An attacker who knows a single valid admin username can therefore send a single HTTP request with a fake password to any REST endpoint, such as POST /wp-json/wp/v2/users, and create a new administrator account with no real credentials.
Disclosure Timeline
May 8, 2026 – PRISM discovered the Authentication Bypass vulnerability in Burst Statistics.
May 8, 2026 – We validated the discovery and confirmed the proof-of-concept exploit.
May 8, 2026 – We initiated disclosure with the vendor.
May 8, 2026 – Wordfence Premium, Wordfence Care, and Wordfence Response users received a firewall rule to provide added protection against any exploits targeting this vulnerability.
May 11, 2026 – Full disclosure details were sent to the Burst Statistics Team through our Wordfence Vulnerability Management Portal.
May 11, 2026 – The vendor acknowledged the report and began working on a fix.
May 12, 2026 – The fully patched version of the plugin, 3.4.2, was released.
June 7, 2026 – Wordfence Free users will receive the same firewall protection.
Conclusion
In this blog post, we detailed an Authentication Bypass vulnerability within the Burst Statistics plugin affecting versions 3.4.0 to 3.4.1.1. This vulnerability allows unauthenticated threat actors with knowledge of a valid administrator username to fully impersonate that administrator across any REST API request, enabling actions such as creating new administrator accounts with no prior authentication. The vulnerability has been addressed in version 3.4.2 of the plugin.

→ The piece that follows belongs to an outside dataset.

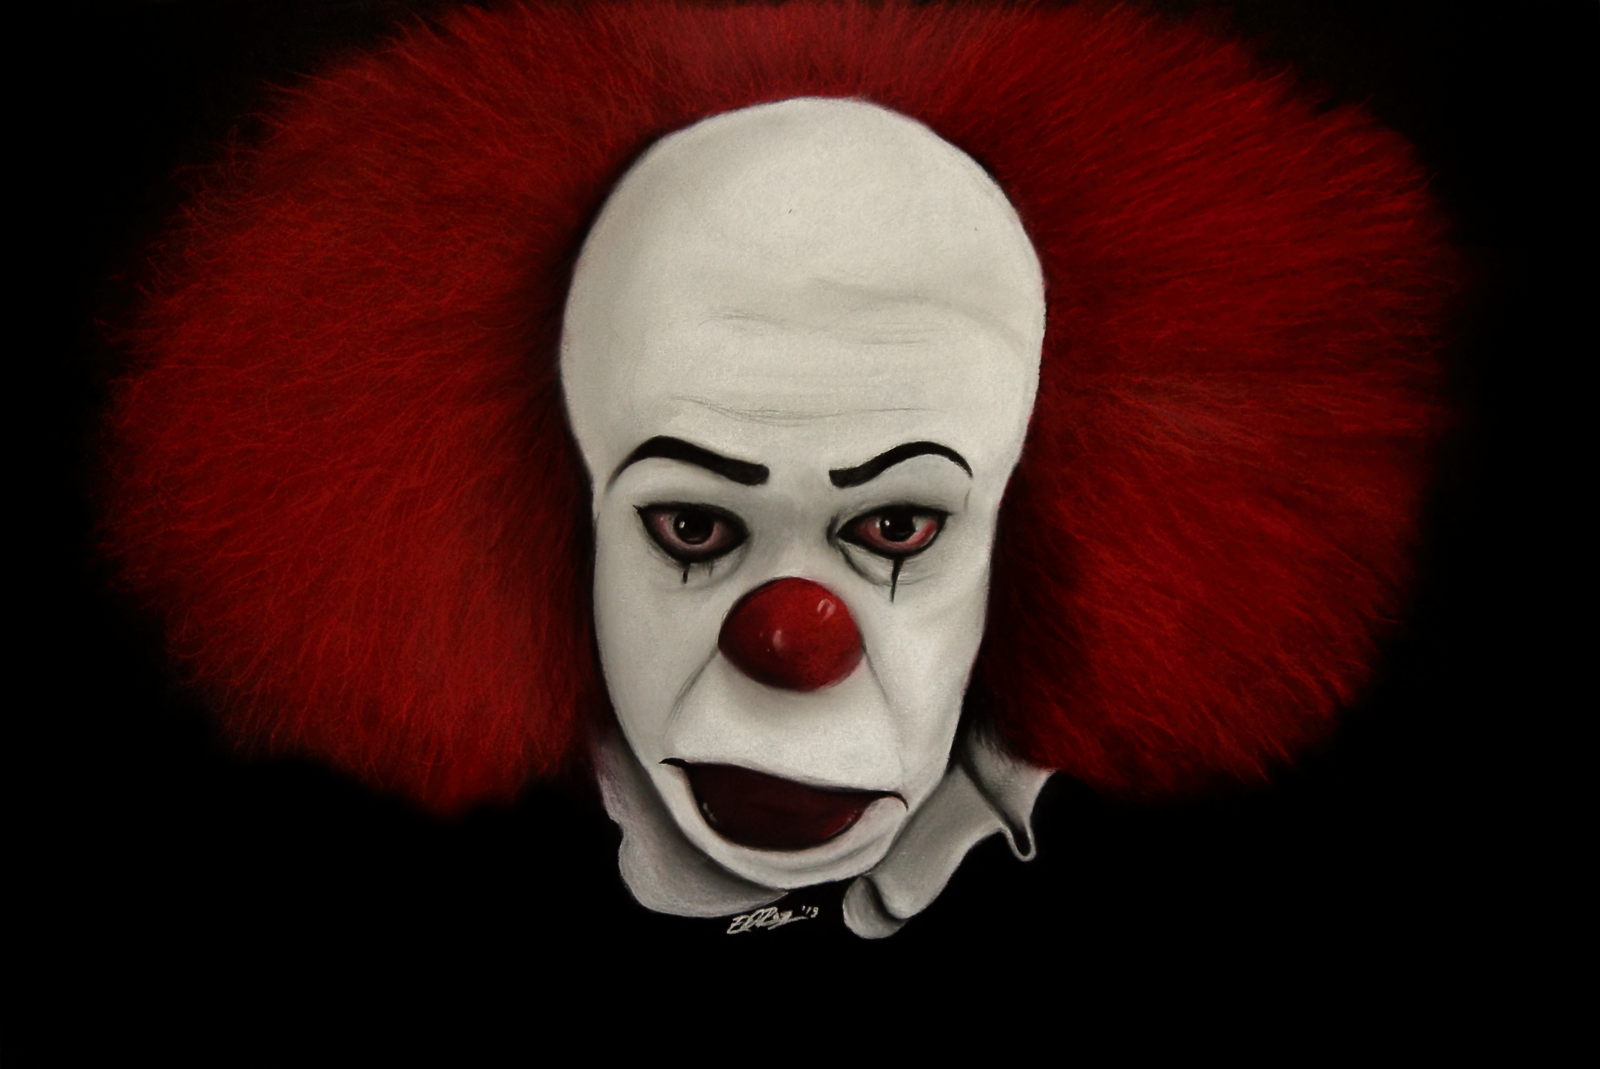 Pennywise The Clown Wallpaper / Pennywise The Dancing Clown Wallpapers - Wallpaper Cave

We encourage WordPress users running Burst Statistics to verify that their sites are updated to version 3.4.2 or later as soon as possible, given the unauthenticated nature of this vulnerability and the level of access it can grant to attackers.
Wordfence Premium, Wordfence Care, and Wordfence Response users received a firewall rule to protect against any exploits targeting this vulnerability on May 8, 2026. Sites using the free version of Wordfence will receive the same protection 30 days later, on June 7, 2026.
If you know someone who uses this plugin on their site, we recommend sharing this advisory with them to ensure their site remains secure, as this vulnerability poses a significant risk.